Please give the lines below again exactly as they stand, from the one that contains "Black Weaved Strap Sandal - Black" up to and including the one that contains "Station_Fintech_logo.png", leaving all pictures out.

* _DATASET RECORDS_:
• • • • • • •

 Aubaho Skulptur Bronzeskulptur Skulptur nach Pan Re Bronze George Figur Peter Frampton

• • • • • • •

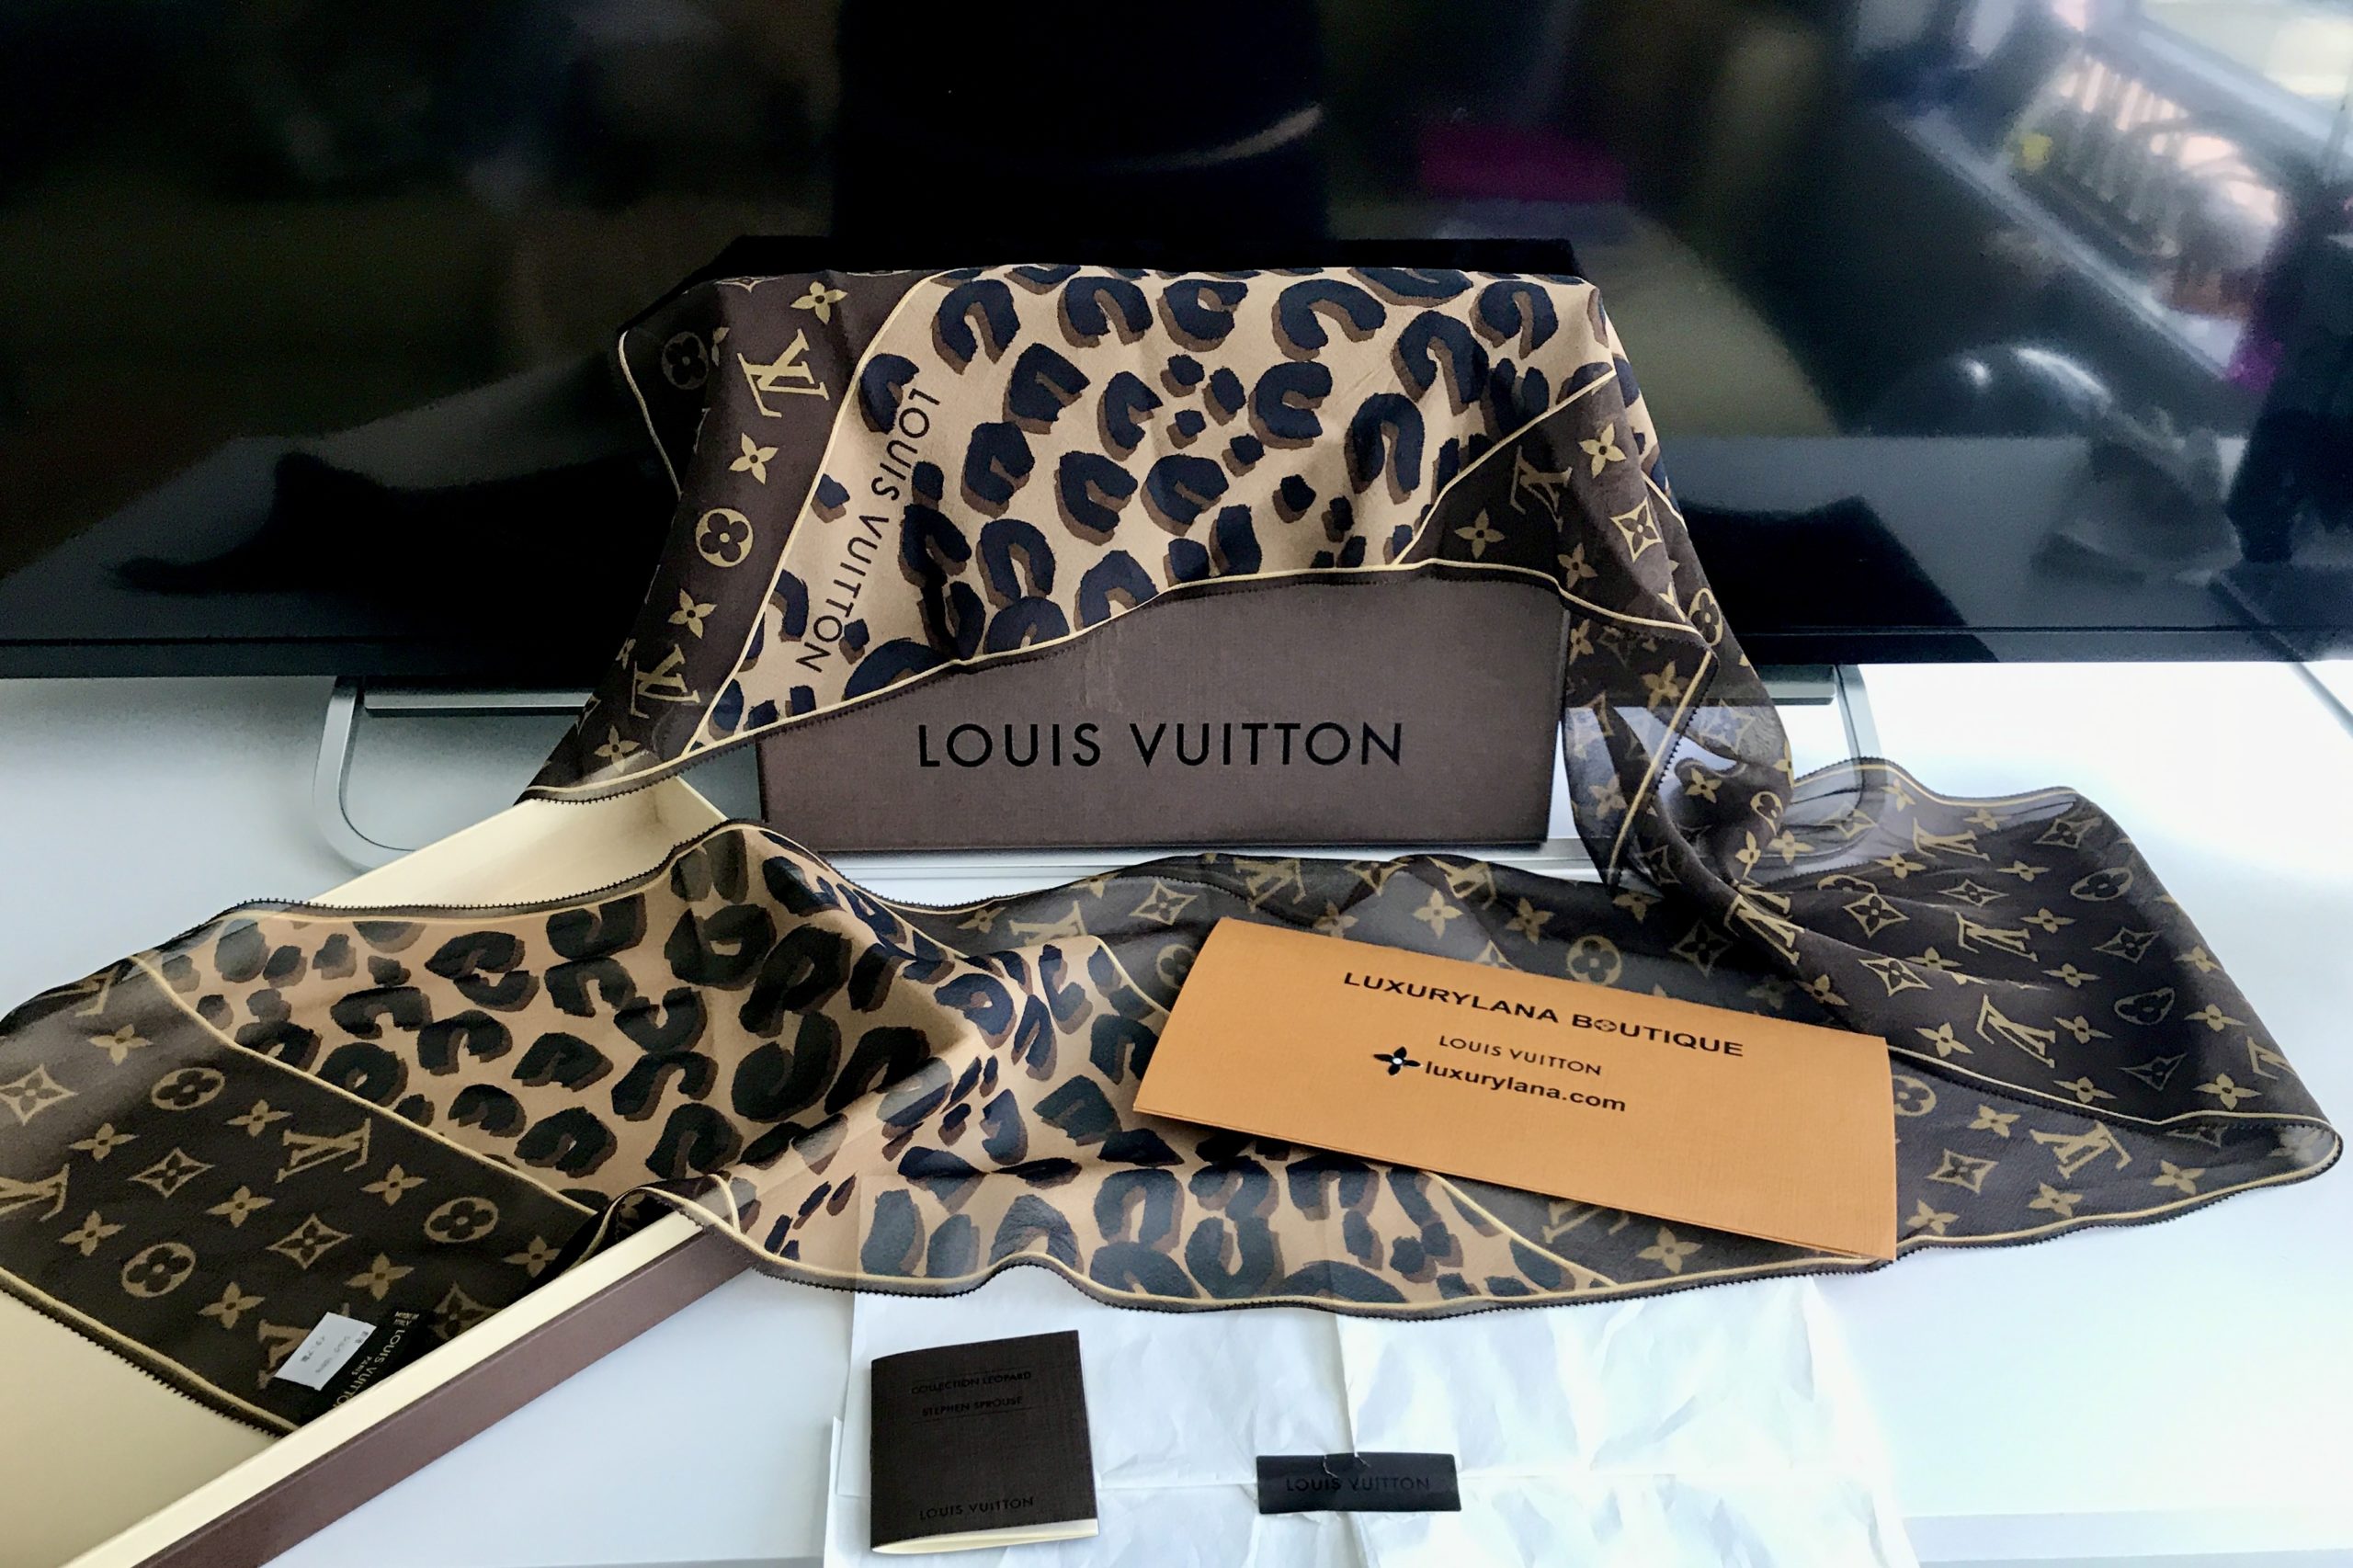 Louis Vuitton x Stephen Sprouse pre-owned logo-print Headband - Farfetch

• • • • • • •

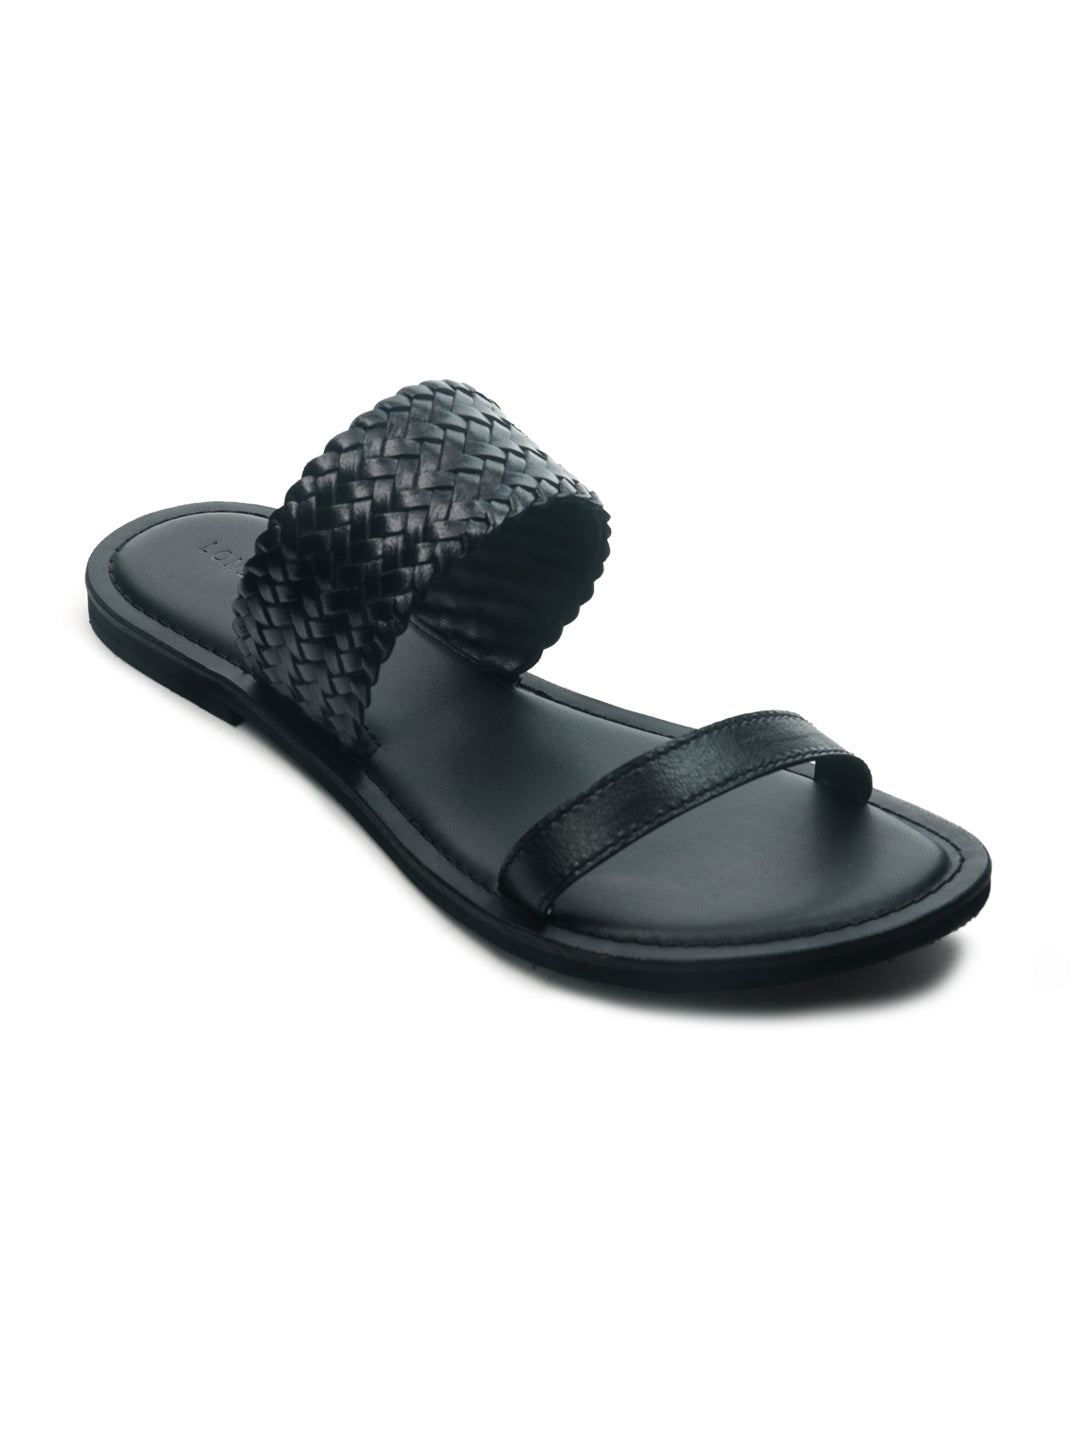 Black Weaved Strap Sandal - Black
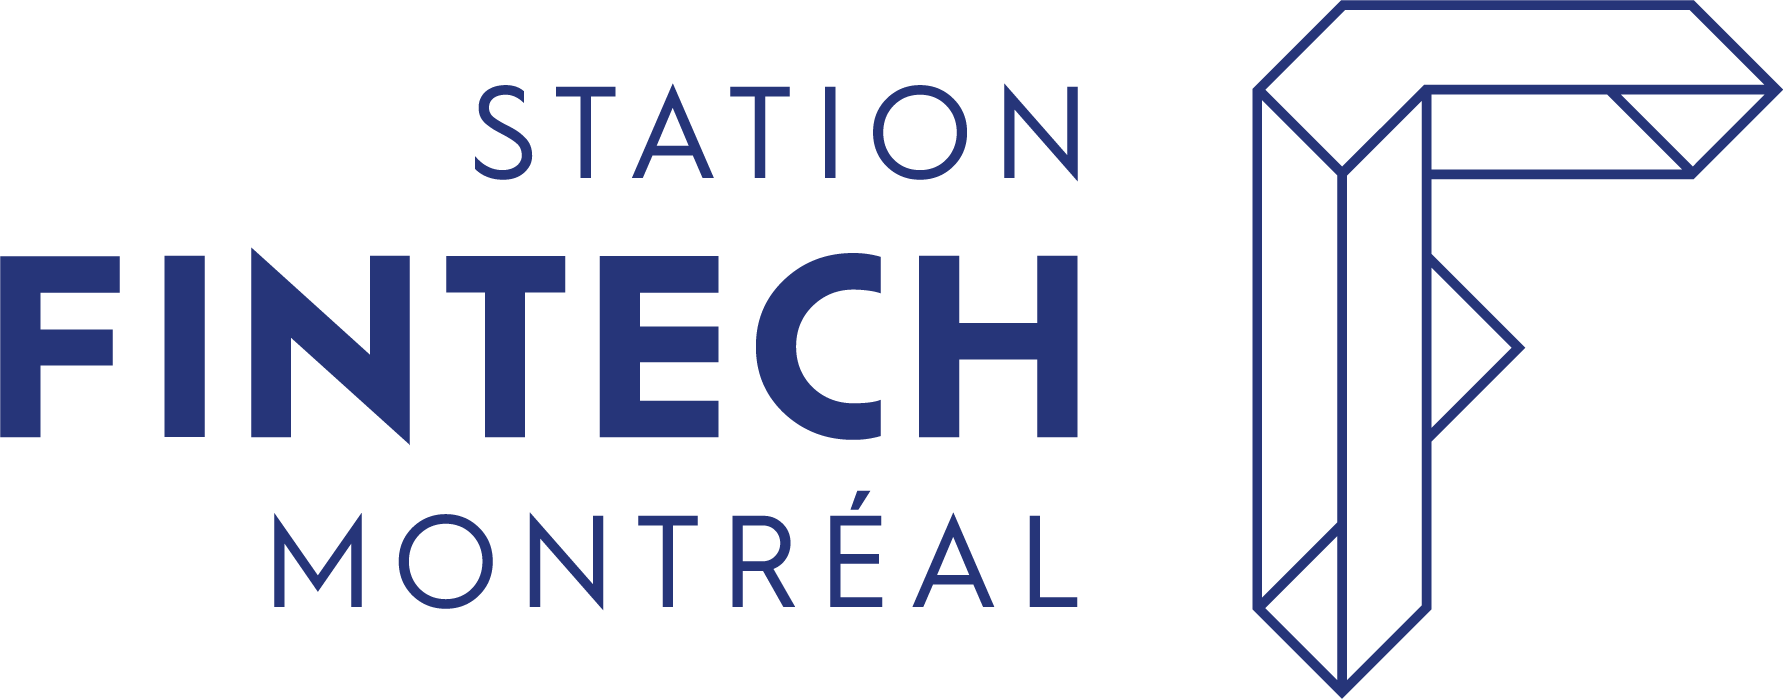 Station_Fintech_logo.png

• • • • • • •

* _TASK RESULT_:
 Black Weaved Strap Sandal - Black
 Station_Fintech_logo.png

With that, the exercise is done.